DATA EXCERPT |
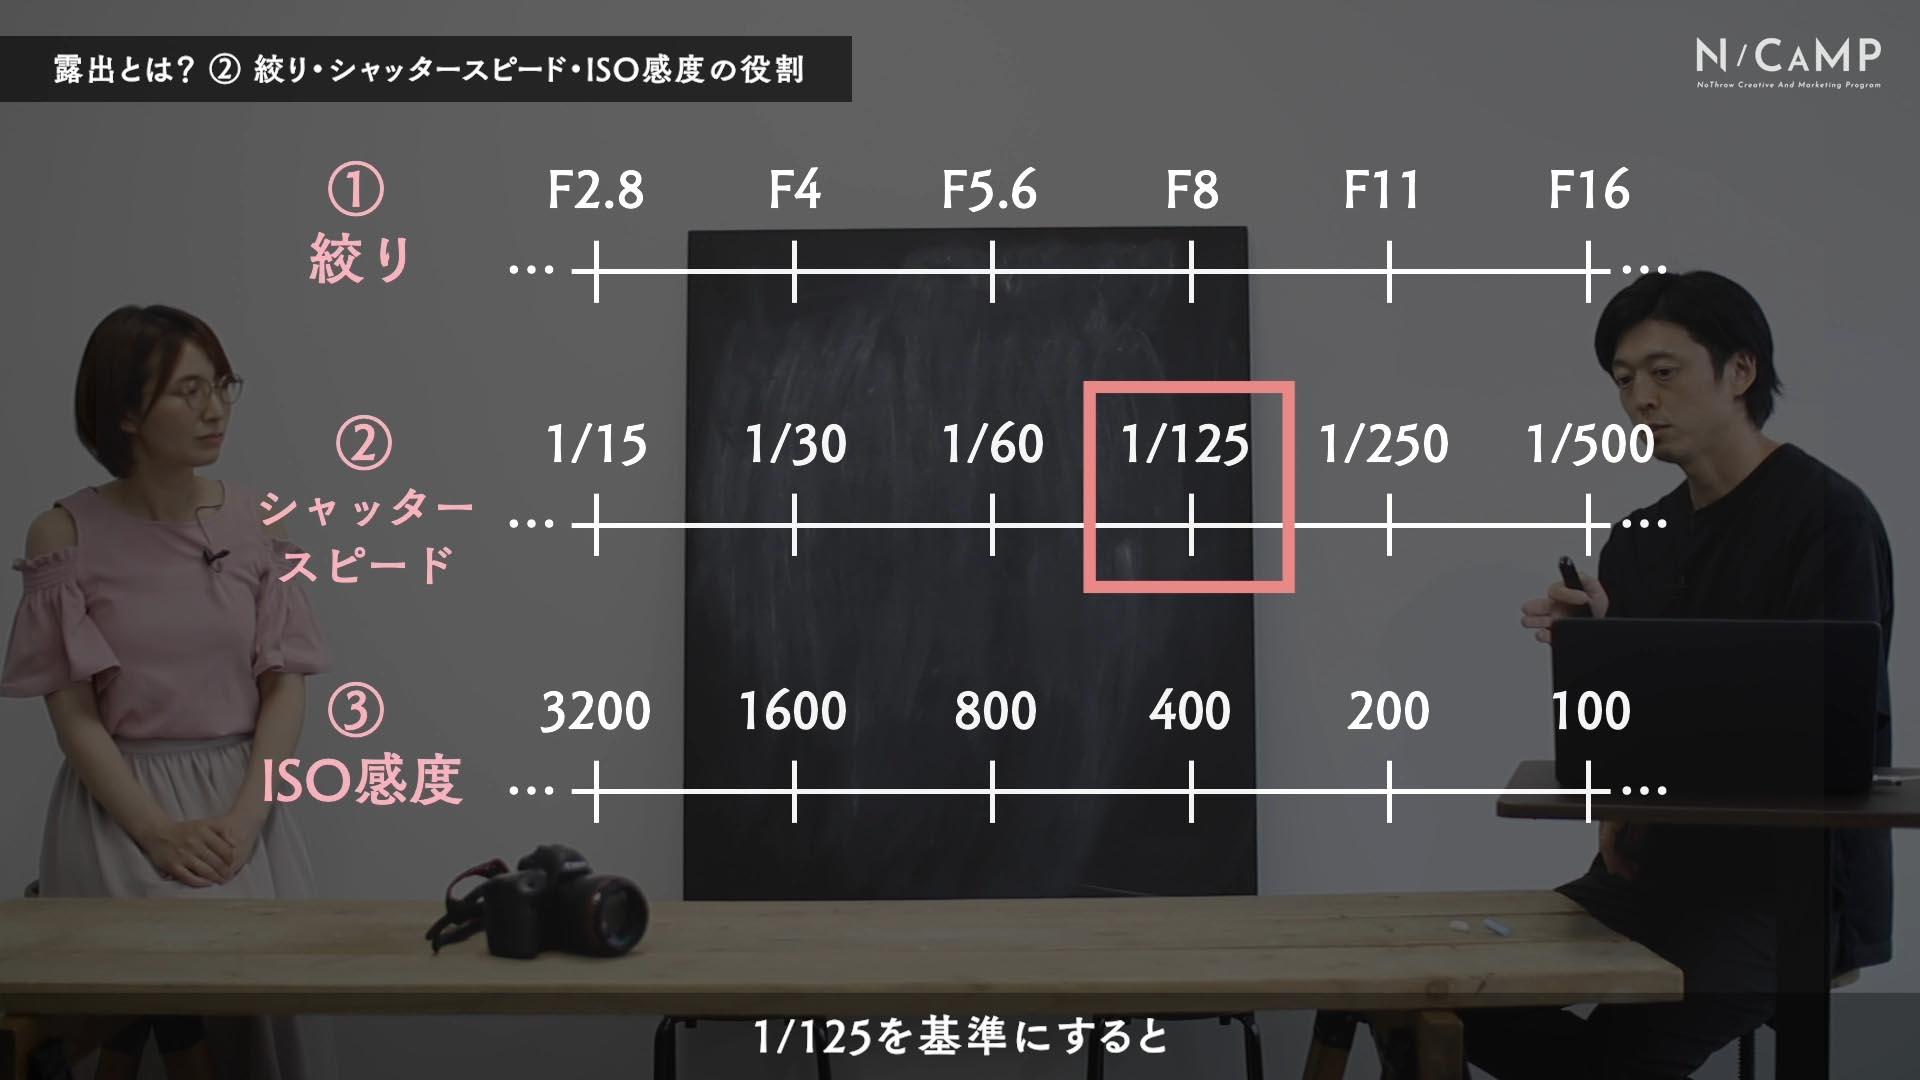 【C-013】露出とは?②〜露出の「明るさ以外」の役割を知る〜2
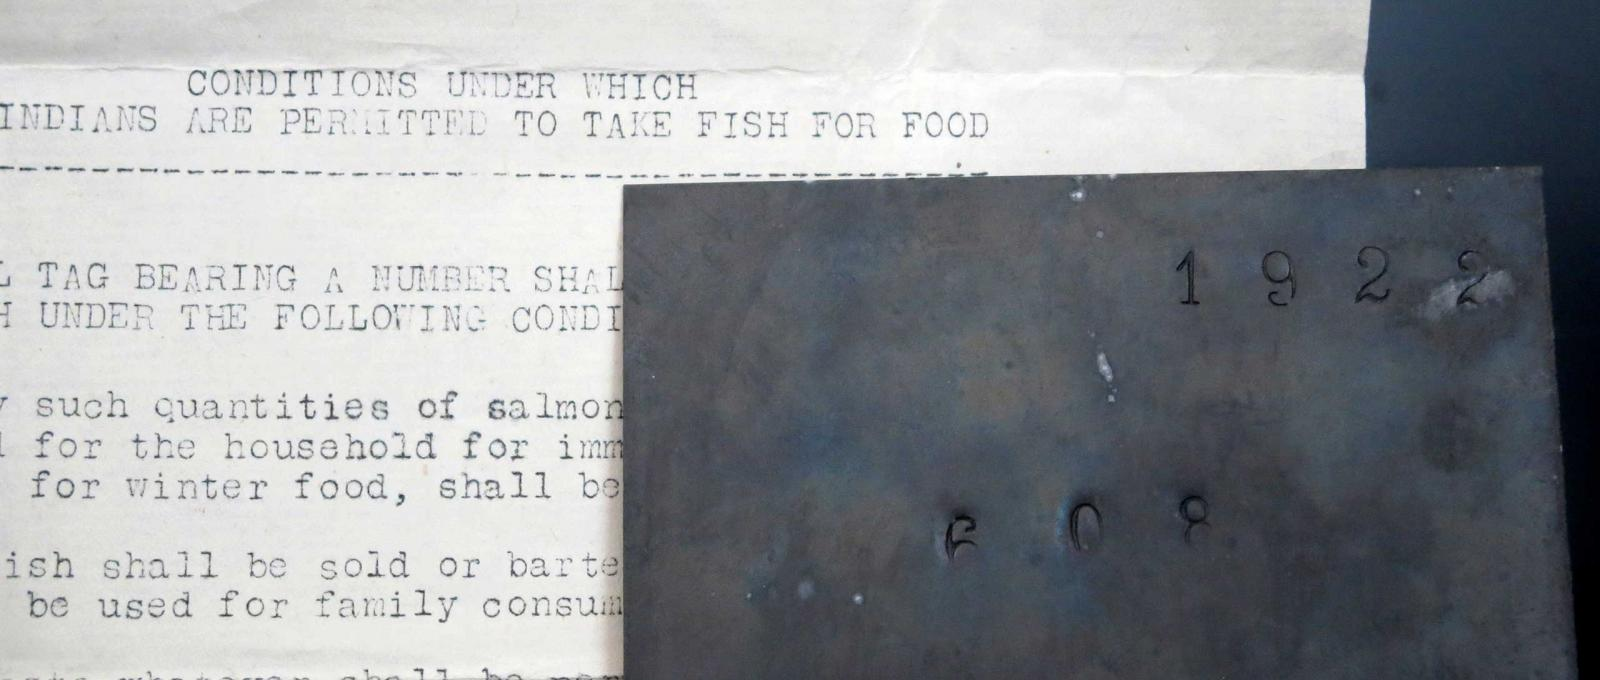 As Far as Possible, No Salmon
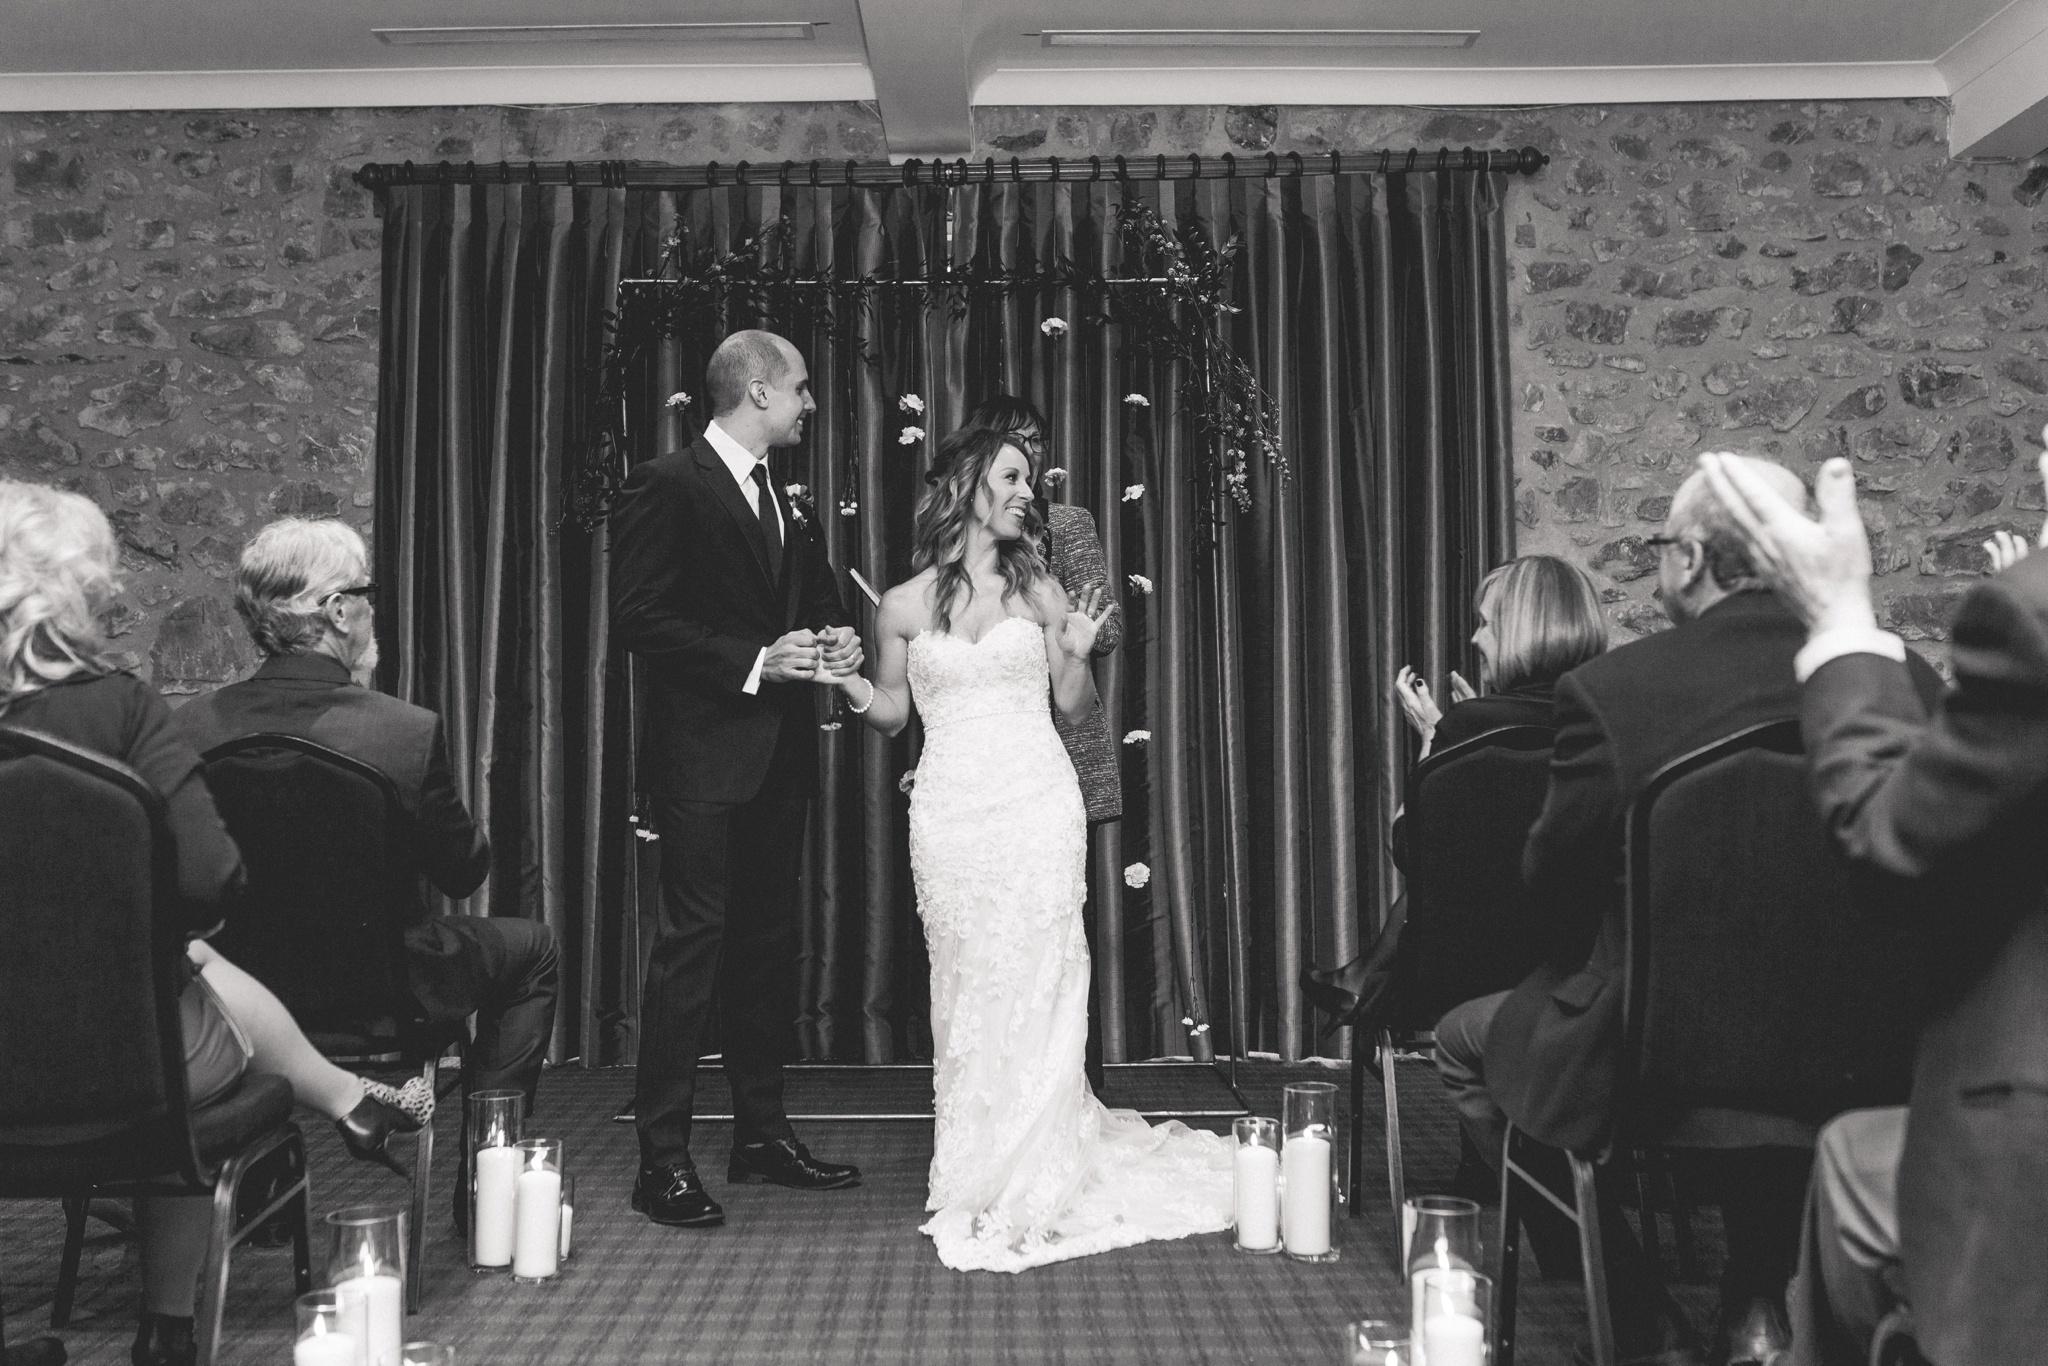 Caledon Wedding Photographer, Millcroft Spa Wedding
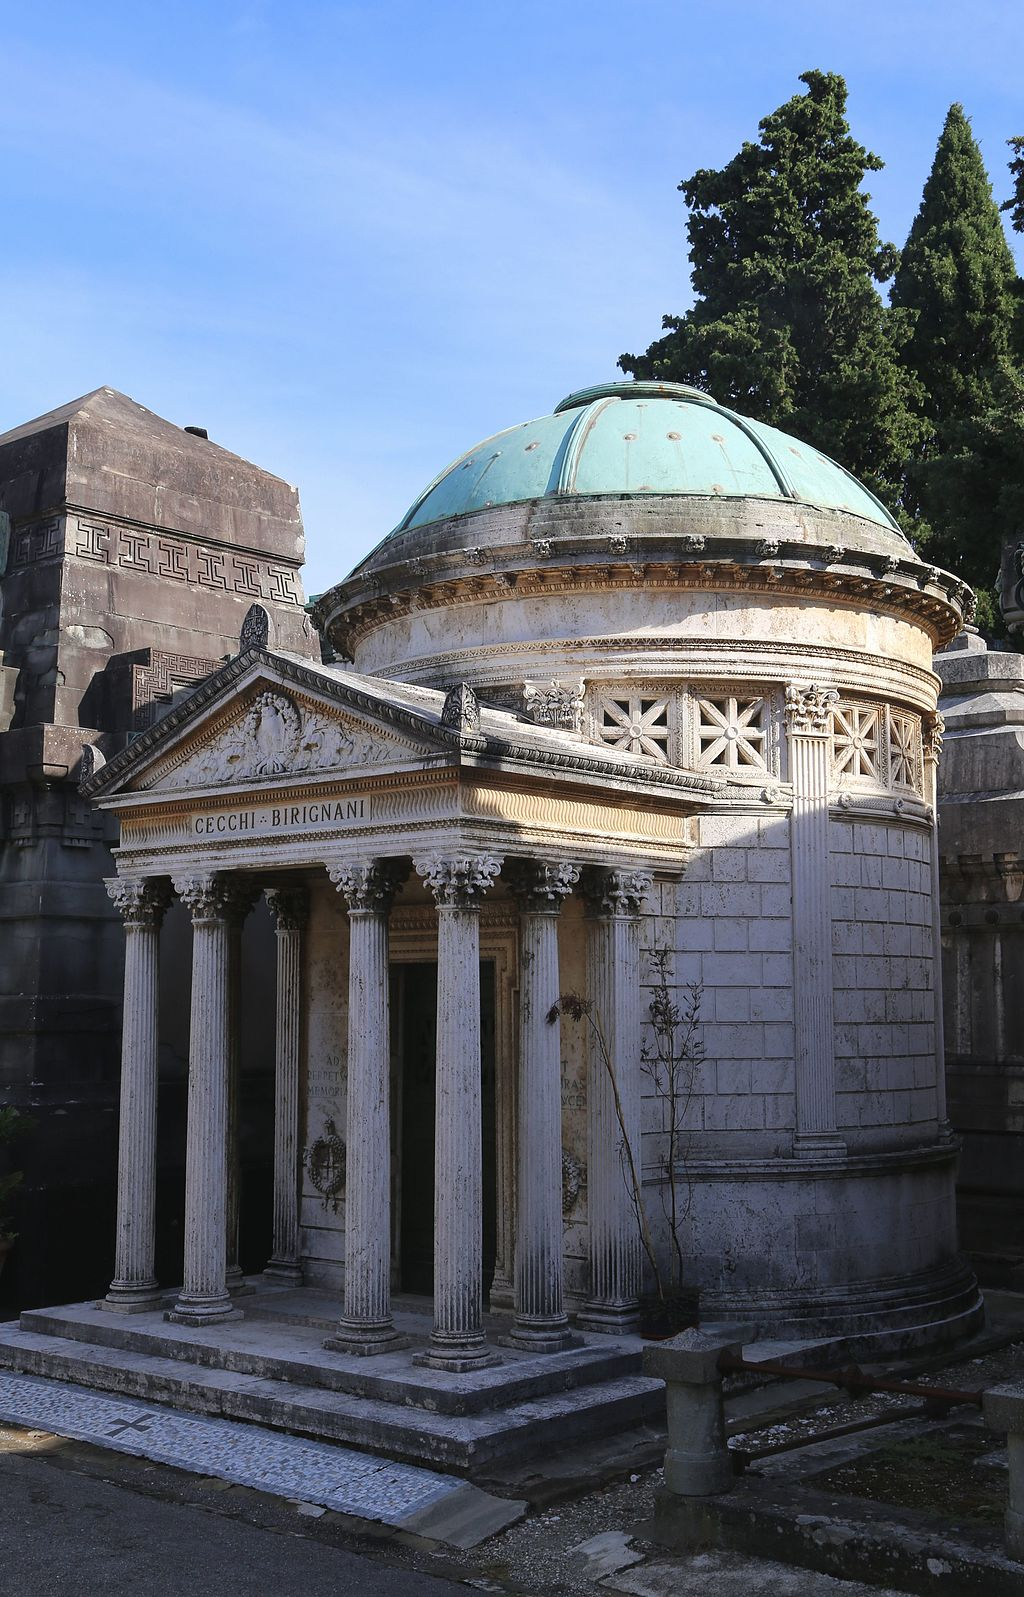 San Miniato al Monte, Cimitero delle Porte Sante

WHAT YOU ARE ASKED TO DO |
If a picture falls within the span, leave it out, and reproduce exactly the lines from the one containing "As Far as Possible, No Salmon" through the end of the material, and no others.

WRITTEN RESPONSE |
 As Far as Possible, No Salmon
 Caledon Wedding Photographer, Millcroft Spa Wedding
 San Miniato al Monte, Cimitero delle Porte Sante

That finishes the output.